Prompt >>
Using the records below, write out the line with "7211 Portland Ave" and each line after it through the final one, exactly, and only those.

___ Available data ___

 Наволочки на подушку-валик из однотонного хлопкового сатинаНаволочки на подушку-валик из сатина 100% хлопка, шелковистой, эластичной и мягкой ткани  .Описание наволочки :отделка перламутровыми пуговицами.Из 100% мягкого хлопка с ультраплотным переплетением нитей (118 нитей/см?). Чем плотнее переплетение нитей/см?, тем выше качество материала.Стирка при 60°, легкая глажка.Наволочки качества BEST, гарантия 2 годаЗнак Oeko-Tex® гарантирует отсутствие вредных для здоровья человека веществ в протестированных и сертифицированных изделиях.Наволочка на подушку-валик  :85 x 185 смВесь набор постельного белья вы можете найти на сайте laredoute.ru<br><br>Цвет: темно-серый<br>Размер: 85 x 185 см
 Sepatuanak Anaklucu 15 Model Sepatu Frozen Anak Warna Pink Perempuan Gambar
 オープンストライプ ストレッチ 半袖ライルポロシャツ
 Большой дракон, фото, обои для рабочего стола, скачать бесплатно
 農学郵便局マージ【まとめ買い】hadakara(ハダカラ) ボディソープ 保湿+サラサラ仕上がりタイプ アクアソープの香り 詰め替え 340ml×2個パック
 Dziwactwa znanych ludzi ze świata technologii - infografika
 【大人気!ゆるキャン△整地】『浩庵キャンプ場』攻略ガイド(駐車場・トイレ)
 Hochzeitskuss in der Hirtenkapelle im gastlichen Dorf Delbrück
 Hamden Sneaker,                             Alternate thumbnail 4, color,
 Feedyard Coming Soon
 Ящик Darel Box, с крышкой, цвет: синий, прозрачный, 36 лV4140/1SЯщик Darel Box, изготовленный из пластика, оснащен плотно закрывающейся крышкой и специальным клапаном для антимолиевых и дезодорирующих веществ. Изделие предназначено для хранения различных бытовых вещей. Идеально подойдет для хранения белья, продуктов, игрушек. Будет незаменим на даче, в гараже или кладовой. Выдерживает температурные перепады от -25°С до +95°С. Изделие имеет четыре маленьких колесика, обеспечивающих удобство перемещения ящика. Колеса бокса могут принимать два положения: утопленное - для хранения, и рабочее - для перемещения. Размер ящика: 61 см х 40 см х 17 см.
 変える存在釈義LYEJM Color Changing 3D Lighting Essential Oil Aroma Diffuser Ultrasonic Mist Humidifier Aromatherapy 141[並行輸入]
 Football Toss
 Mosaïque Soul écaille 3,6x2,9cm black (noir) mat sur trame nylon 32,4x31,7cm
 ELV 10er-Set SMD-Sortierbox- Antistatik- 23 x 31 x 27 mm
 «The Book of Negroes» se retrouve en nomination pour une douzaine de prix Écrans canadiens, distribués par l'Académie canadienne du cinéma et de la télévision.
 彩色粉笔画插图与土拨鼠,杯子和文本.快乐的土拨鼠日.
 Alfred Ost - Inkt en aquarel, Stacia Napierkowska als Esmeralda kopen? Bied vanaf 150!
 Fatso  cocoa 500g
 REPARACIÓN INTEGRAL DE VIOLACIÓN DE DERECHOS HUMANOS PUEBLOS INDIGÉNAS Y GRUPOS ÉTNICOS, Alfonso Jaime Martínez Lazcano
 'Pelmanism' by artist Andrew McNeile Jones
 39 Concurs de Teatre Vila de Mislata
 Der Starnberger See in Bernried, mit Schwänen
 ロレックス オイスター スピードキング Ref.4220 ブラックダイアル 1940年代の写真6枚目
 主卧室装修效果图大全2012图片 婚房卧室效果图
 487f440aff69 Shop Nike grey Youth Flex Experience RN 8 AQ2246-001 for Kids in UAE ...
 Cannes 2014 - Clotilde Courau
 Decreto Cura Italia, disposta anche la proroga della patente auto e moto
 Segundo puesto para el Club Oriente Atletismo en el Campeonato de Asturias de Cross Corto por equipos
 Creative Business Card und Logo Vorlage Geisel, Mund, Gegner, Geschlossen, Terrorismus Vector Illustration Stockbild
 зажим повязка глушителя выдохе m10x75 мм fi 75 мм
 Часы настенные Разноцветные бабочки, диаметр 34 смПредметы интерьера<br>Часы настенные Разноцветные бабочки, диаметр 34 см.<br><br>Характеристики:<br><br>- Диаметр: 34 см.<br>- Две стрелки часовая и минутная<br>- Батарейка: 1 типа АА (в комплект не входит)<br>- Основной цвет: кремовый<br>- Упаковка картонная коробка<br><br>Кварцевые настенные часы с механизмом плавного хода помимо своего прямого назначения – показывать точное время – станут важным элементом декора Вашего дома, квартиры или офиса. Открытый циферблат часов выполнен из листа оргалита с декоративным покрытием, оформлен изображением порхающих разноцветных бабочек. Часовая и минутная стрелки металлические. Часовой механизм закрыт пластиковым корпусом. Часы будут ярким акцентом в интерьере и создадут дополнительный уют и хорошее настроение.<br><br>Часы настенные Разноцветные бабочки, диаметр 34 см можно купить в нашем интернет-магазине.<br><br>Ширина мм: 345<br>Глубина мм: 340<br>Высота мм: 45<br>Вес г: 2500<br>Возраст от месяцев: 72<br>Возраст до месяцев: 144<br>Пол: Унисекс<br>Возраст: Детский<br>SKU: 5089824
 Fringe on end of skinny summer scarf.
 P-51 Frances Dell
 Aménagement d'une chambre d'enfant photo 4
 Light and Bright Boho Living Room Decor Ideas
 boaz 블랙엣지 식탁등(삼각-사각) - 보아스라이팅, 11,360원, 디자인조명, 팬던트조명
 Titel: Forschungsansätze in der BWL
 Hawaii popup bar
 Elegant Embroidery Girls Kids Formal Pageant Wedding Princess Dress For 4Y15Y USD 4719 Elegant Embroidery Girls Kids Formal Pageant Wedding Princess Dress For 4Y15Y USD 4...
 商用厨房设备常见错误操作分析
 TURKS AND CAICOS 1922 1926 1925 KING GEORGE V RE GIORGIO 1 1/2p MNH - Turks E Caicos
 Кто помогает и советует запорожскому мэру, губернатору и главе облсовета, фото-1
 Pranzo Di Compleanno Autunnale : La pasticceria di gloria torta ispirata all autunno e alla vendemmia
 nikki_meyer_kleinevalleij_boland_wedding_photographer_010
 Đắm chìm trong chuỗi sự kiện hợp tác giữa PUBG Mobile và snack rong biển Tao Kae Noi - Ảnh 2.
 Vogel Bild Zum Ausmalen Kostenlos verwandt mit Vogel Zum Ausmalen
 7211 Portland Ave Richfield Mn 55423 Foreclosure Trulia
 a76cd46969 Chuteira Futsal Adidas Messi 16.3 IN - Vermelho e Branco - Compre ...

___

Solution for this exercise >>
 7211 Portland Ave Richfield Mn 55423 Foreclosure Trulia
 a76cd46969 Chuteira Futsal Adidas Messi 16.3 IN - Vermelho e Branco - Compre ...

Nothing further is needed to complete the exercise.